Native to (or naturalized in) Oregon:
- Broadleaf evergreen shrub, 10-12(30) ft [3-3.7(9) m], many upright stems, loose. Leaves simple, alternate, clean looking, 5-11 cm long, narrow, lanceolate, dark green, light green below, dotted with black or yellow glands, regularly toothed. Flowers bloom in spring, small, and in male (staminate) and female (pistillate) catkin-like clusters, may also be bisexual; male and female clusters may be on the same or separate plants, often yellow-green and inconspicuous but may be reddish under good sun exposure. Fruits are warty, spherical, 6 mm diameter, green then dark purple to black, usually with a white waxy coating, evident in fall.
- Sun, or partial shade. Withstands damp locations and summer drought. It has root nodules containing nitrogen-fixing microorganisms, allowing it to grow in relatively poor soils. Used as a screen, can be pruned to keep it in shape. Considered one of the best looking native western shrubs for the garden.
- Hardy to USDA Zone 7 Native to the Pacific Coast and coastal valleys from Washington to southern California. Not to be confused with the similar M. gale (bog-myrtle, sweet-gale), which is a smaller (to 2 m) deciduous shrub, the lower side of its leaves are dotted with yellow waxy glands and its fruit is rather smooth.

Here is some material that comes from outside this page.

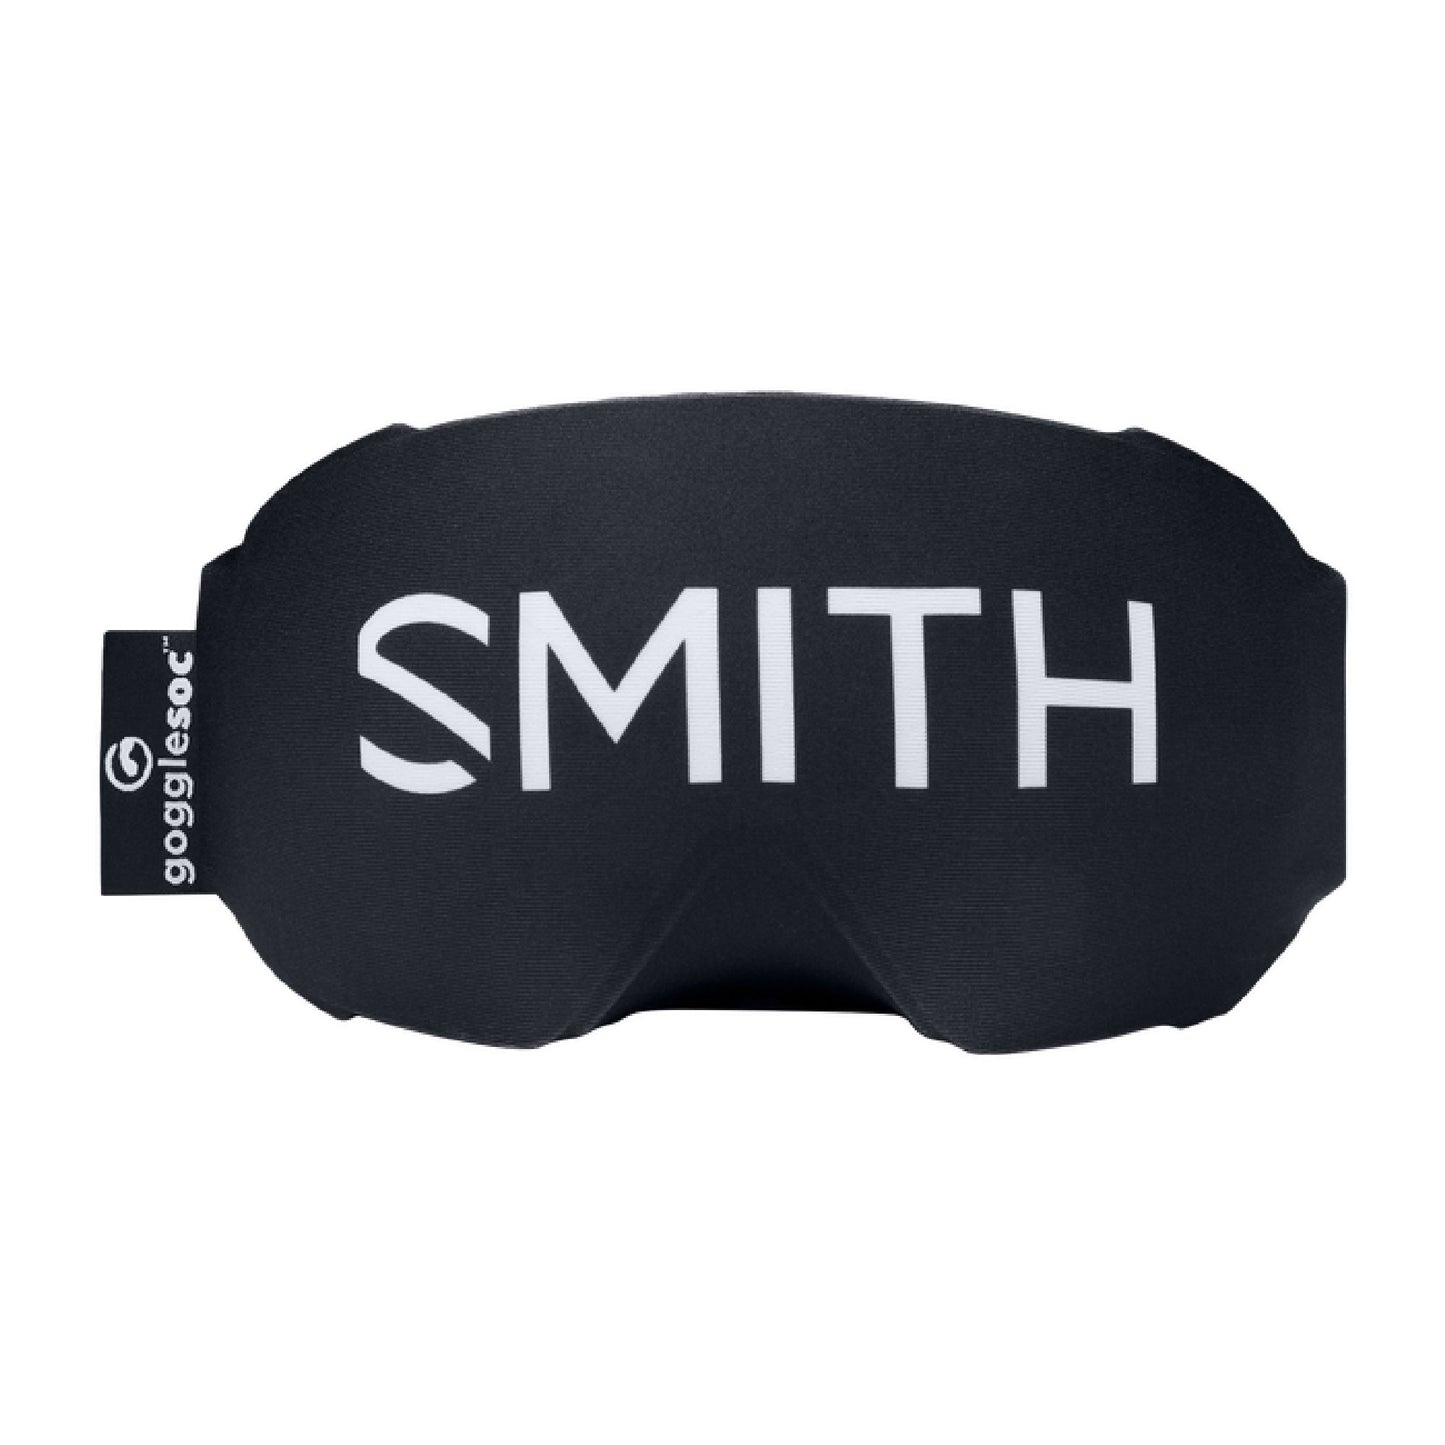 Smith 4D MAG Snow Goggle White Vapor / ChromaPop Sun Platinum Mirror Snow Goggles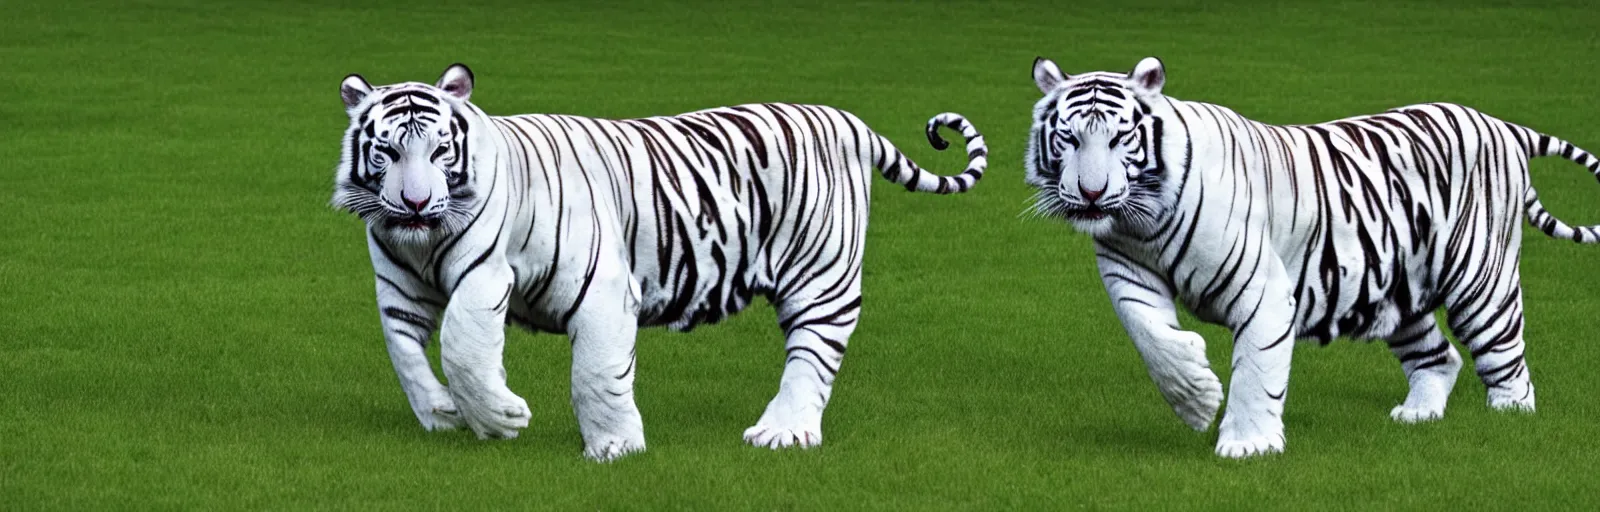 Prompt: White tiger with dark blue stripes, running on short grass

- In contrast to Morella pensylvanica (Northern Bayberry), the leaves of Morella californica are not aromatic when crushed. In addition, the berries of M. californica have a low content of aromatic wax and thus are not used to make the scented candles associated with Northern Bayberry.
- Taxonomy: Myrica californica to Morella californica: A recent treatment of the family Myricaceae has Myrica californica renamed as Morella californica (Morella californica (Cham. & Schltdl.) Wilbur). Now the genus Morella has about 50 species ranging from North America, Europe, Africa, and Asia. Only few plants, such as Myrica gale, the bog-myrtle or sweet-gale of Europe and northeastern North America and Myrica hartwegii, the California native Sierra Myrtle remain in the genus Myrica (San Marcos Growers). As of 2023 the taxonomic treatment is not fully resolved. The ITIS (Integrated Taxonomic Information System) and the USDA Plant List has Morella californica as the accepted name, whereas the WFO Plant List (https://wfoplantlist.org/plant-list/) has Morella californica as synonym of Myrica californica.
- Myrica: Greek name for Tamarix, californica: of California.
- Oregon State Univ. campus: north of Shepard Hall.